Though I have not benchmarked these functions, it looks like the heaviside function should not take much execution time.
---09/23/2013: adding x86_64 assembly language versions and C language benchmark---
file functions.s
//----------------------------------------------------------------------------
.intel_syntax noprefix
.text
//-----------------------------------------------------------------------------
// this heaviside function generates its own register constants
// double heaviside_a1 (double arg);
.globl heaviside_a1
heaviside_a1:
mov rax,0x3ff0000000000000
xorpd xmm1,xmm1 # xmm1: constant 0.0
cmplesd xmm1,xmm0 # xmm1: mask (all Fs or all 0s)

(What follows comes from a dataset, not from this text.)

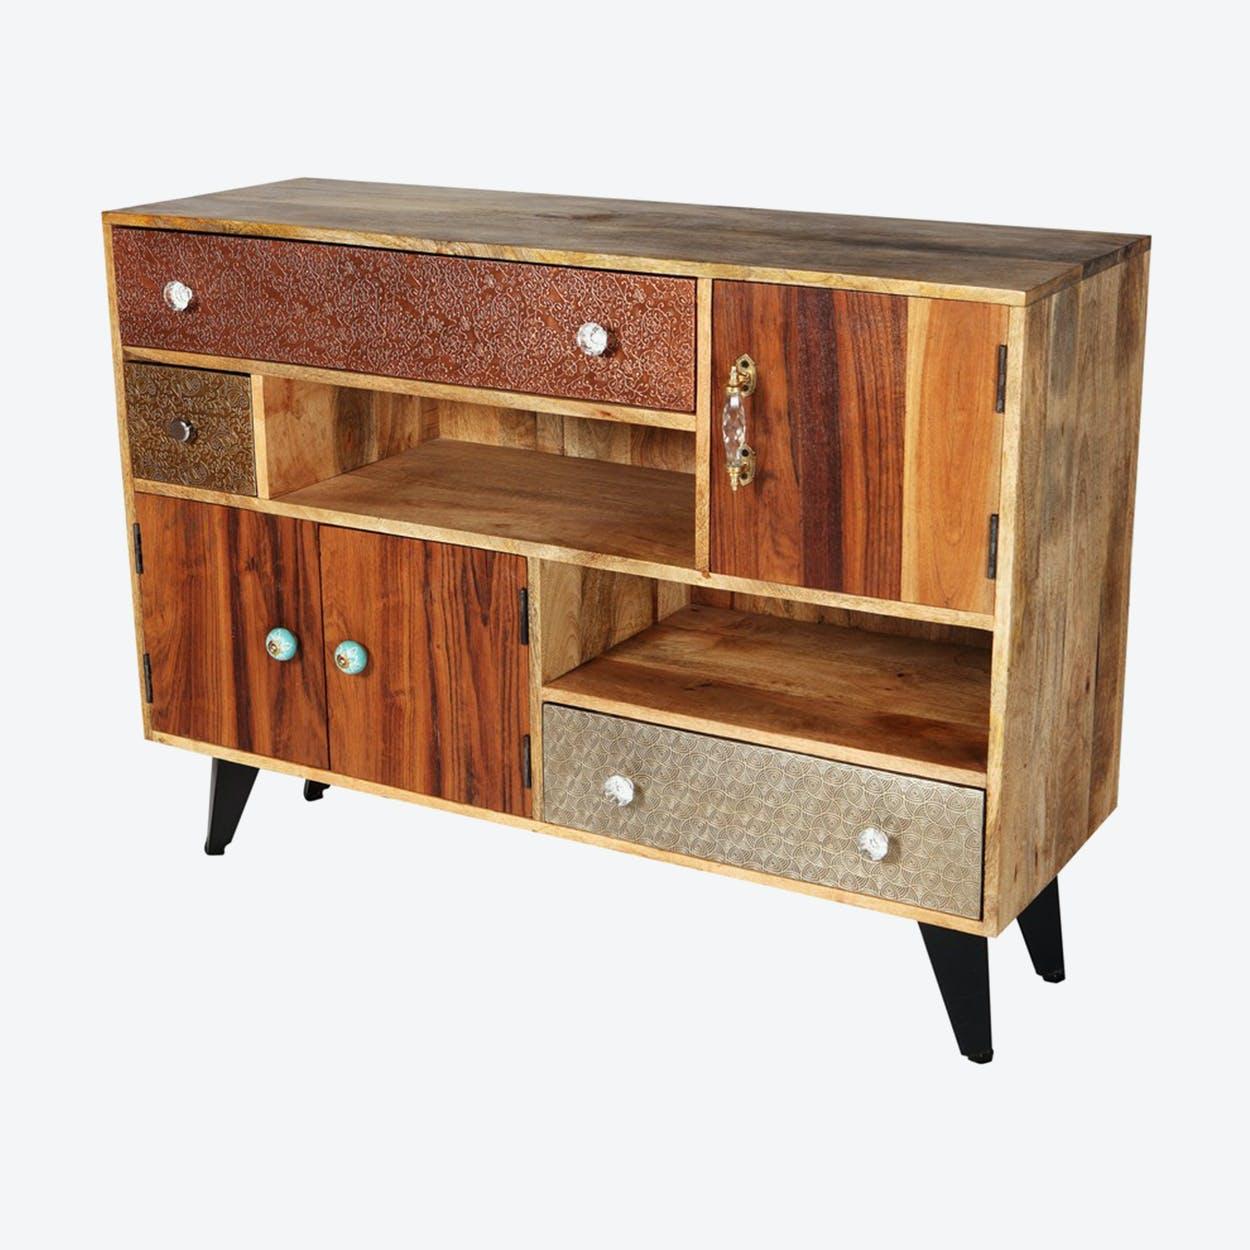 Reclaimed Wood Large Sideboard 1

movq xmm0,rax # xmm0: constant 1.0
andpd xmm0,xmm1
retq
//-----------------------------------------------------------------------------
// this heaviside function uses register constants passed from caller
// double heaviside_a2 (double arg, double const0, double const1);
.globl heaviside_a2
heaviside_a2:
cmplesd xmm1,xmm0 # xmm1: mask (all Fs or all 0s)

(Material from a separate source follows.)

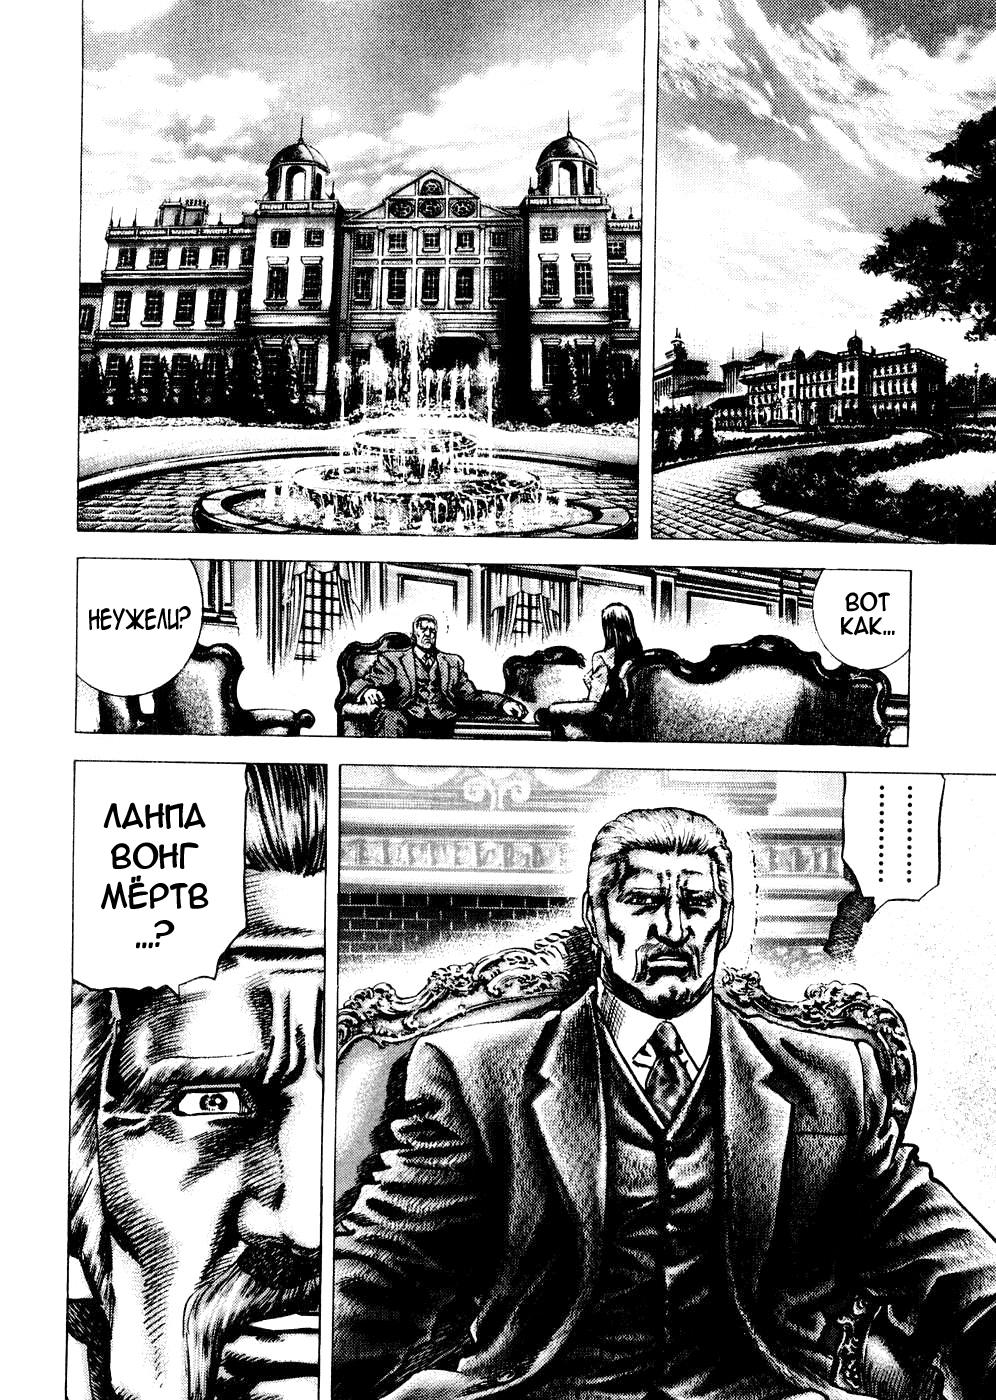 https://r1.ninemanga.com/comics/pic2/6/29190/292249/1461595059204.jpg Page 2
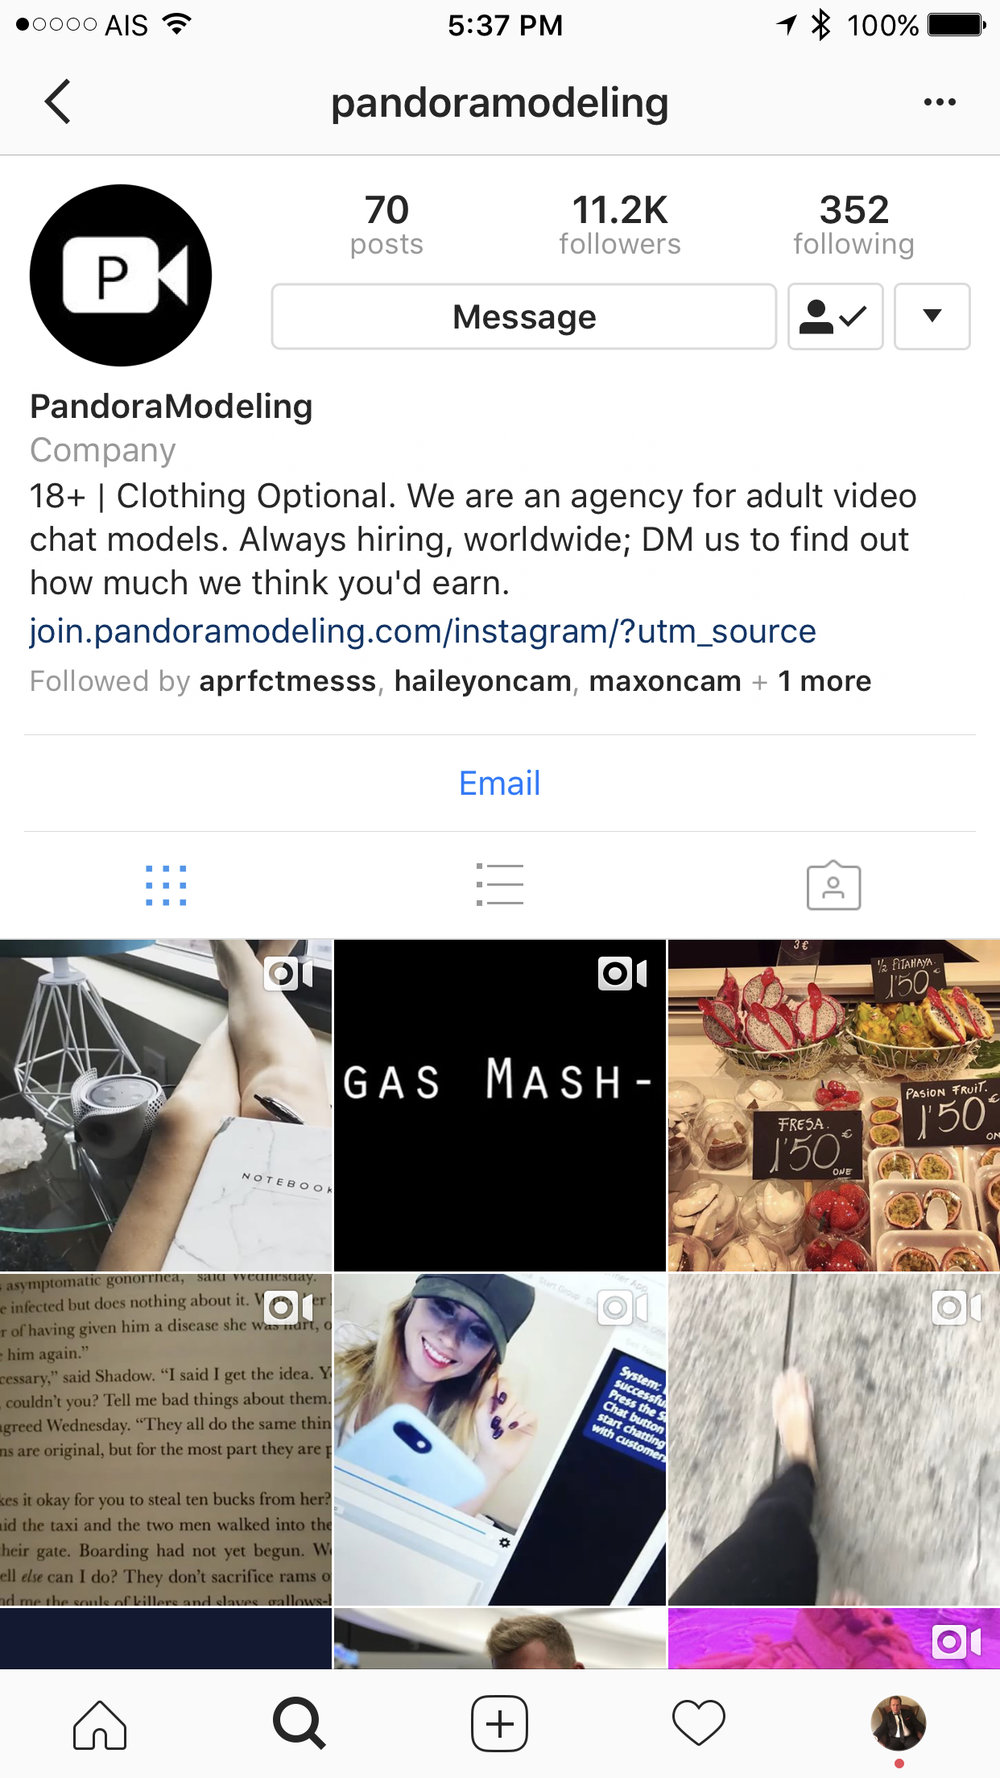 pandoramodeling instagram

movsd xmm0,xmm2 # xmm0: constant 1.0
andpd xmm0,xmm1
retq
//-----------------------------------------------------------------------------
file ctest.c
#define __USE_MINGW_ANSI_STDIO 1
#include <windows.h>
#include <stdio.h>
#include <stdint.h>
// functions.s
double heaviside_a1 (double x);
double heaviside_a2 (double arg, double const0, double const1);
//-----------------------------------------------------------------------------
static double heaviside_c1 (double x)
{
double result = 0;
if (x >= 0) result = 1;
return result;
}
//-----------------------------------------------------------------------------
//
// queryPerformanceCounter - similar to QueryPerformanceCounter, but returns
// count directly.
uint64_t queryPerformanceCounter (void)
{
LARGE_INTEGER int64;
QueryPerformanceCounter (&int64);
return int64.QuadPart;
}
//-----------------------------------------------------------------------------
//
// queryPerformanceFrequency - same as QueryPerformanceFrequency, but returns count direcly.

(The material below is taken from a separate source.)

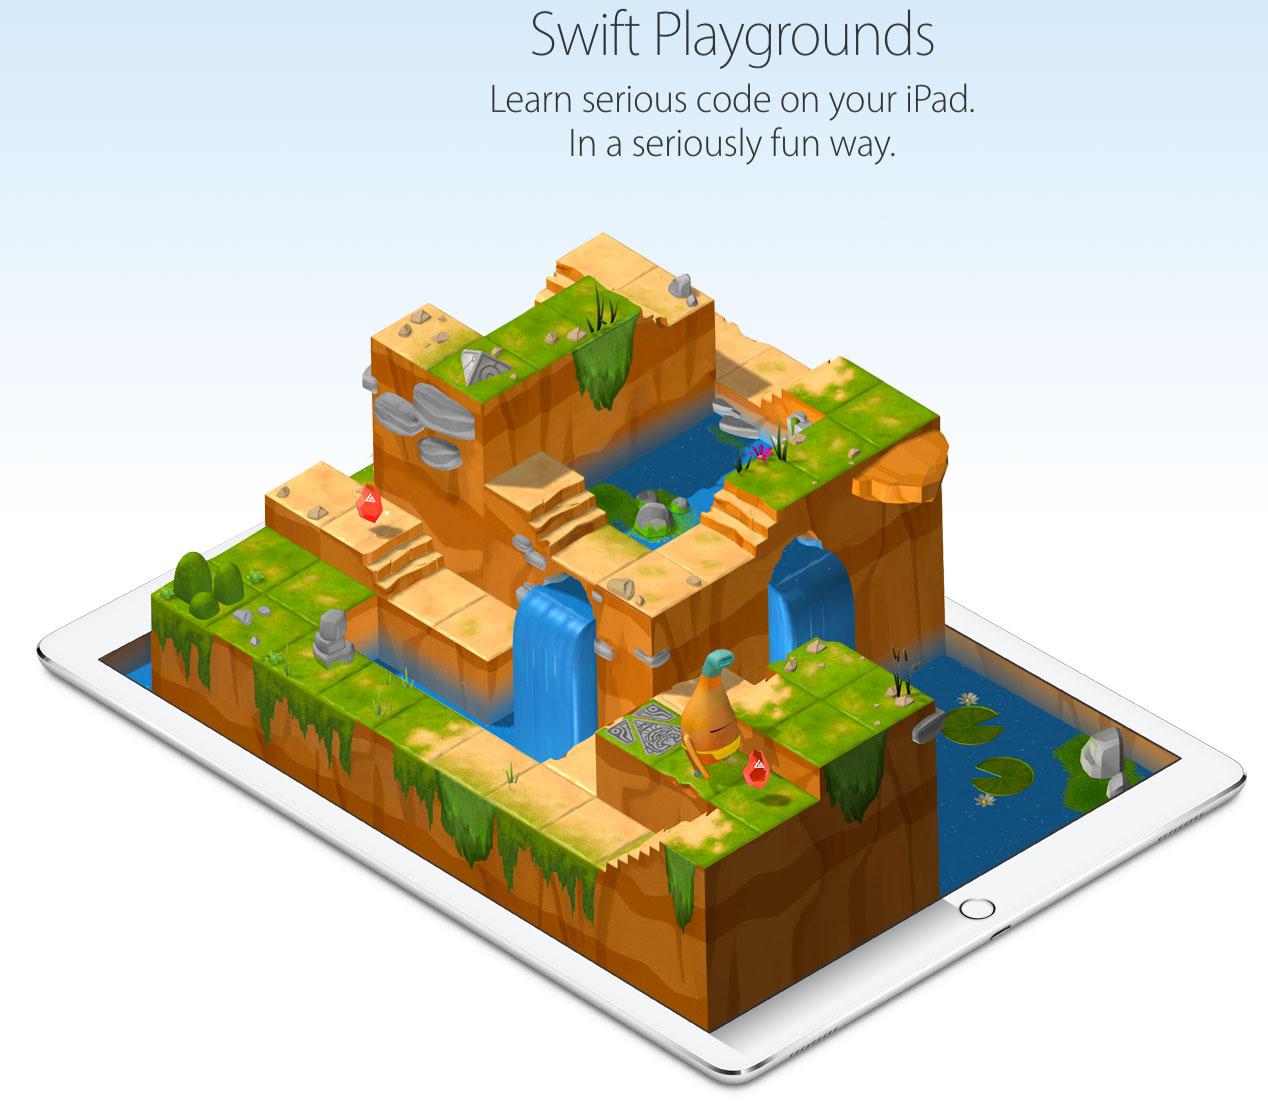 Swift Playgrounds

uint64_t queryPerformanceFrequency (void)
{
LARGE_INTEGER int64;
QueryPerformanceFrequency (&int64);
return int64.QuadPart;
}
//----------------------------------------------------------------------------
//
// lfsr64gpr - left shift galois type lfsr for 64-bit data, general purpose register implementation
//
static uint64_t lfsr64gpr (uint64_t data, uint64_t mask)
{
uint64_t carryOut = data >> 63;
uint64_t maskOrZ = -carryOut;
return (data << 1) ^ (maskOrZ & mask);
}
//---------------------------------------------------------------------------
int runtests (uint64_t pattern, uint64_t mask)
{
uint64_t startCount, elapsed, index, loops = 800000000;
double ns;
double total = 0;
startCount = queryPerformanceCounter ();
for (index = 0; index < loops; index++)
{
double x, result;
pattern = lfsr64gpr (pattern, mask);
x = (double) (int64_t) pattern;
result = heaviside_c1 (x);
total += result;
}
elapsed = queryPerformanceCounter () - startCount;
ns = (double) elapsed / queryPerformanceFrequency () * 1000000000 / loops;
printf ("heaviside_c1: %7.2f ns\n", ns);
startCount = queryPerformanceCounter ();
for (index = 0; index < loops; index++)
{
double x, result;
pattern = lfsr64gpr (pattern, mask);
x = (double) (int64_t) pattern;
result = heaviside_a1 (x);
//printf ("heaviside_a1 (%lf): %lf\n", x, result);
total += result;
}
elapsed = queryPerformanceCounter () - startCount;
ns = (double) elapsed / queryPerformanceFrequency () * 1000000000 / loops;
printf ("heaviside_a1: %7.2f ns\n", ns);
startCount = queryPerformanceCounter ();
for (index = 0; index < loops; index++)
{
double x, result;
const double const0 = 0.0;
const double const1 = 1.0;
pattern = lfsr64gpr (pattern, mask);
x = (double) (int64_t) pattern;
result = heaviside_a2 (x, const0, const1);
//printf ("heaviside_a2 (%lf): %lf\n", x, result);
total += result;
}
elapsed = queryPerformanceCounter () - startCount;
ns = (double) elapsed / queryPerformanceFrequency () * 1000000000 / loops;
printf ("heaviside_a2: %7.2f ns\n", ns);
return total;
}
//---------------------------------------------------------------------------
int main (void)
{
uint64_t mask;
mask = 0xBEFFFFFFFFFFFFFF;
// raise our priority to increase measurement accuracy
SetPriorityClass (GetCurrentProcess (), REALTIME_PRIORITY_CLASS);
printf ("using pseudo-random data\n");
runtests (1, mask);
return 0;
}
//---------------------------------------------------------------------------
mingw64 build command: gcc -Wall -Wextra -O3 -octest.exe ctest.c functions.s
Program output from Intel Core i7-2600K at 4.0 GHz:
using pseudo-random data
heaviside_c1: 2.24 ns
heaviside_a1: 2.00 ns
heaviside_a2: 2.00 ns
These timing results include execution of pseudo-random argument generation and result totalization code needed to keep the optimizer from eliminating the otherwise unused heaviside_c1 local function.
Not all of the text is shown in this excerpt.